How to count the occurences of every element in a list in Haskell fast?

96 views Asked by At

I have list of strings that represent classes of classified objects.

["Class 1", "Class 2", "Class 1", "Class 2", "Class 3"] 

would yield [2,2,1] (their order does not matter).

I have tried two functions that do this, both of them are too slow for large lists (thousands of items).

This is the first one that does slighly better than the second one:

uniqueClassesCounts :: [String] -> [Int]
uniqueClassesCounts classNames=
  let uniqueClasses = nub classNames
  in [length (filter (== cls) classNames) | cls <- uniqueClasses]

And the slower one:

uniqueClassesCounts :: [String] -> [Int]
uniqueClassesCounts classNames= map length (group (sort (classNames)))

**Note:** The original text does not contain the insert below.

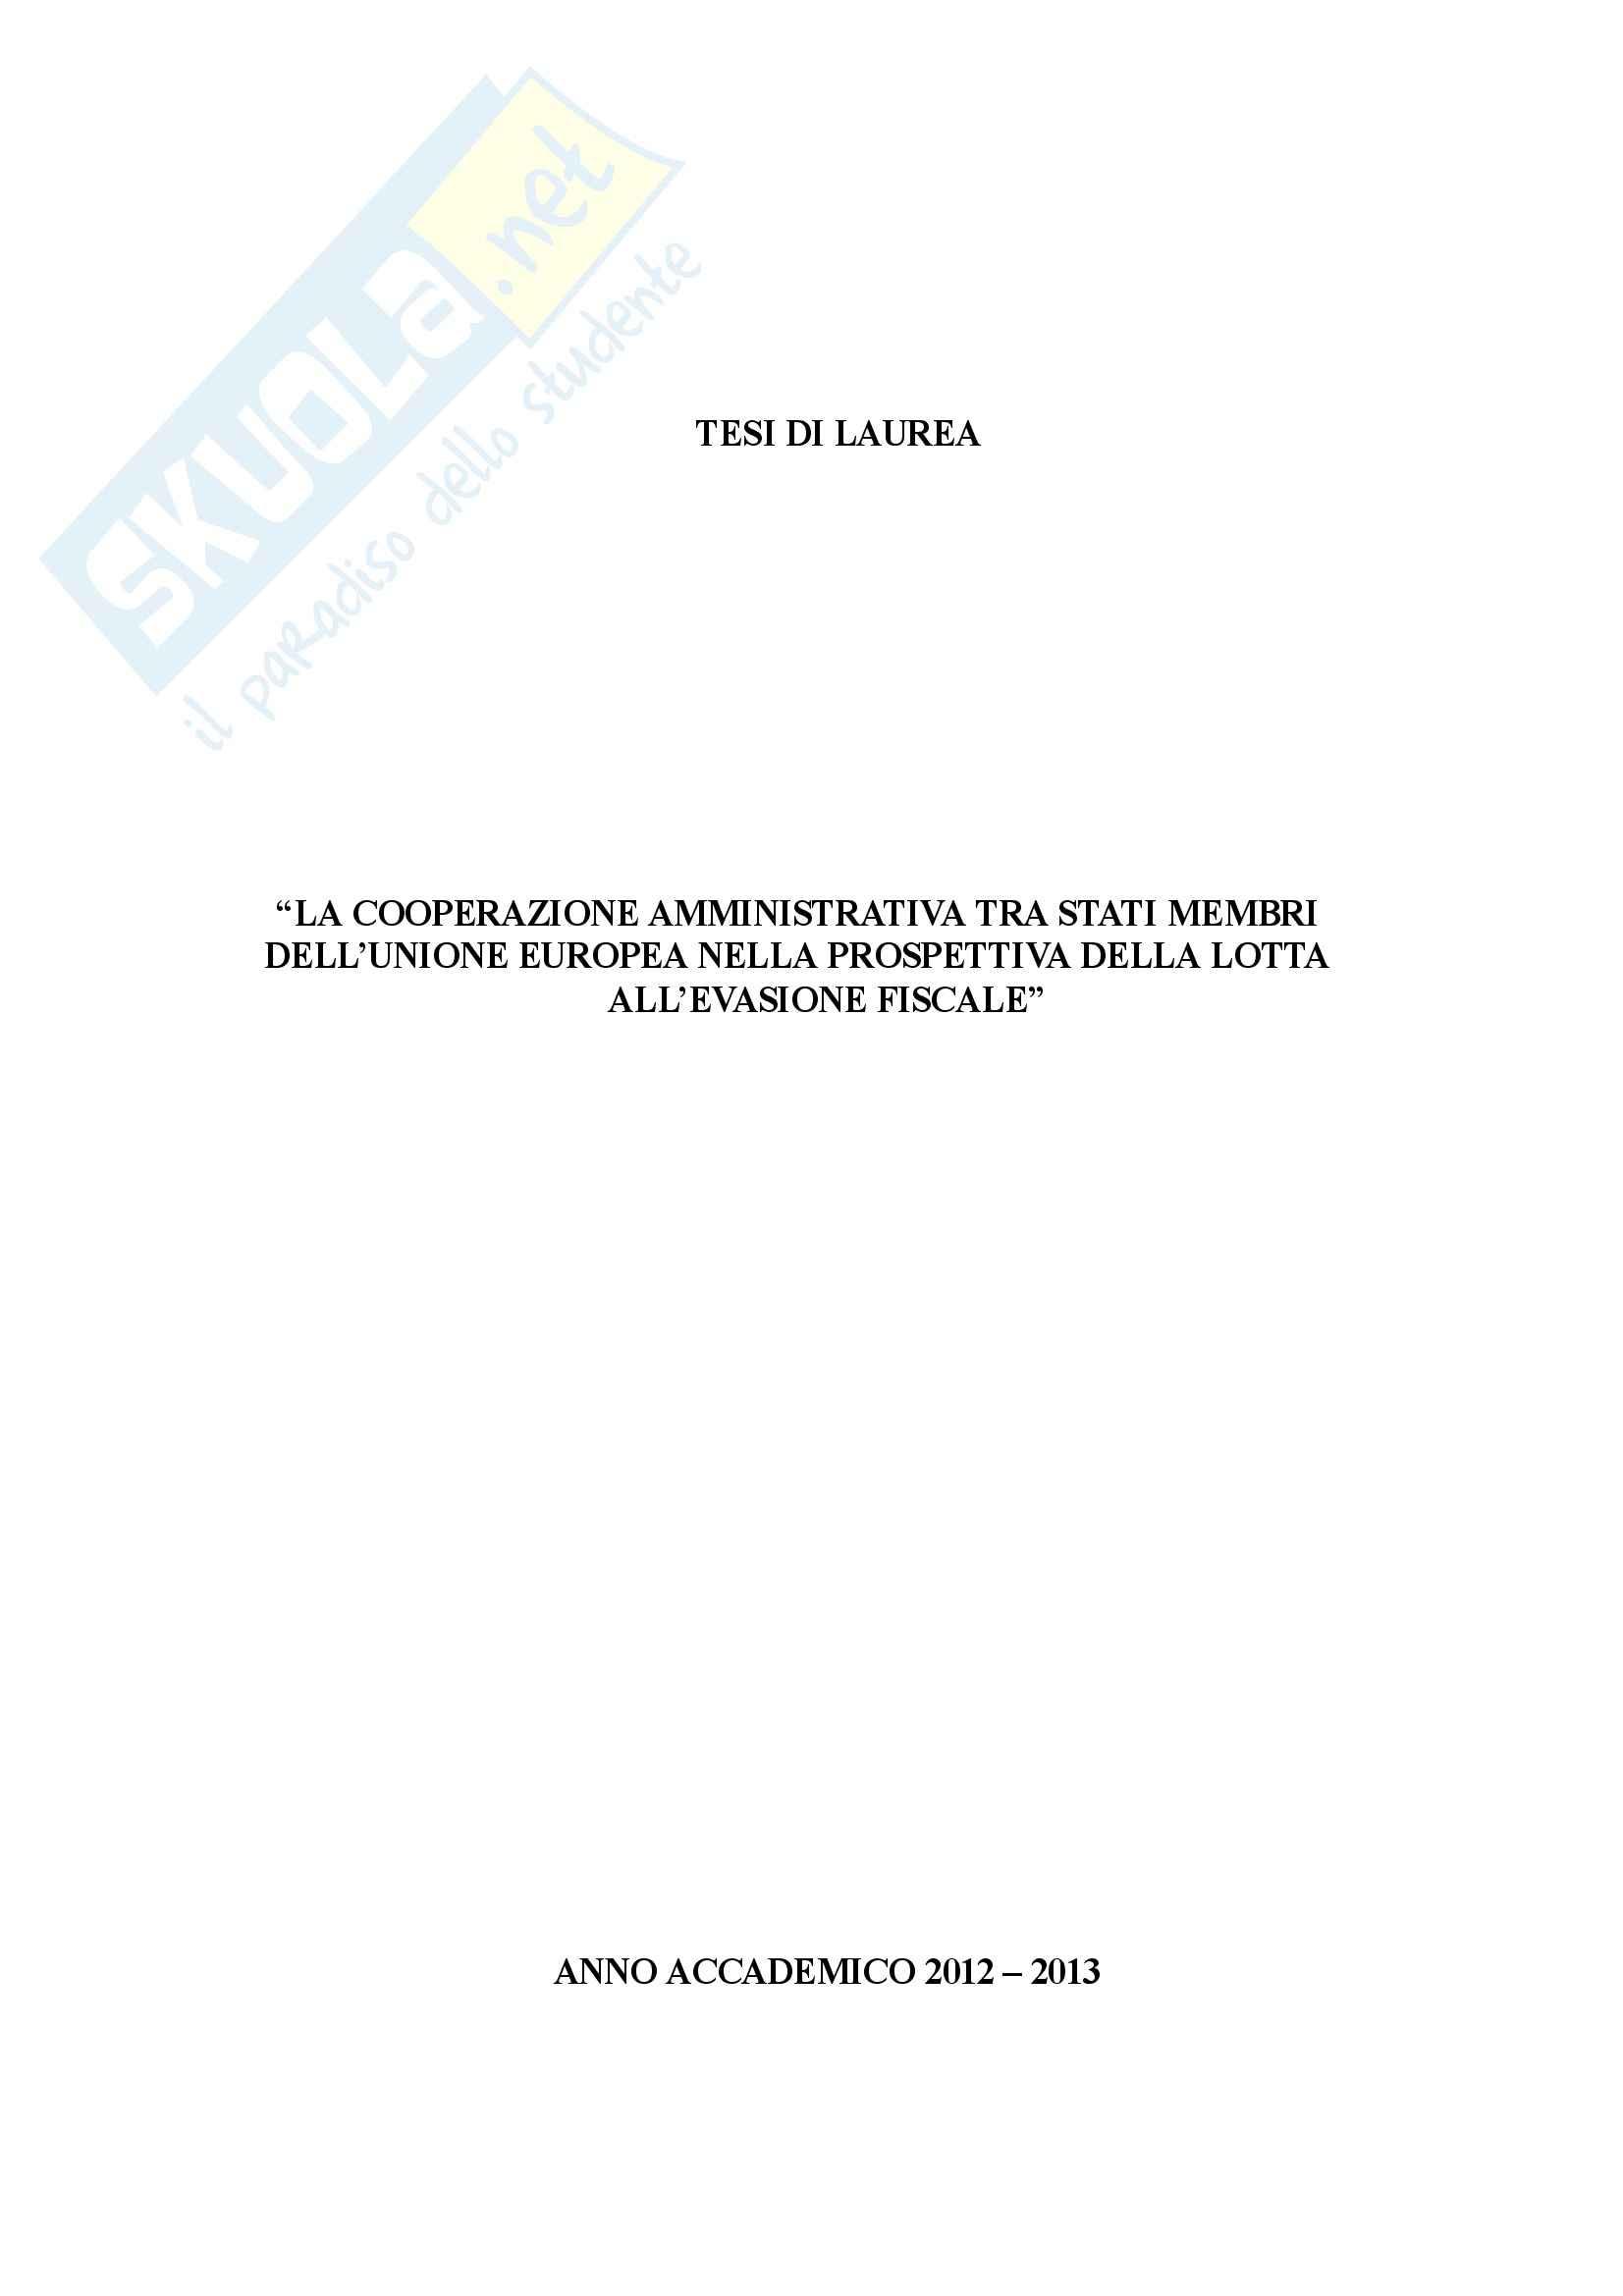 La cooperazione amministrativa tra gli Stati membri dell'Unione Europea, Diritto

I am pretty sure there must be a way to do this in linear time (my brief researched showed that the above functions both work in quadratic time and worse).

How can I make this thing faster? It is the unexpected bottleneck of my code, more than 70% of time is spent on it.

1

There are 1 answers

2
willeM_ Van Onsem On

It is probably better to use a HashMap or some other collection that can make lookups efficient.

You could do this with fromListWith :: (Eq k, Hashable k) => (v -> v -> v) -> [(k, v)] -> HashMap k v:

{-# LANGUAGE TupleSections #-}

import Data.HashMap.Strict(fromListWith)

uniqueClassesCounts :: (Eq a, Hashable a) => [a] -> HashMap a Int
uniqueClassesCounts = fromListWith (+) . map (,1)

If you are only interested in the counts, we can use elems :: HashMap k v -> [v]:

{-# LANGUAGE TupleSections #-}

import Data.HashMap.Strict(elems, fromListWith)

uniqueClassesCounts :: (Eq a, Hashable a) => [a] -> [Int]
uniqueClassesCounts = elems . fromListWith (+) . map (,1)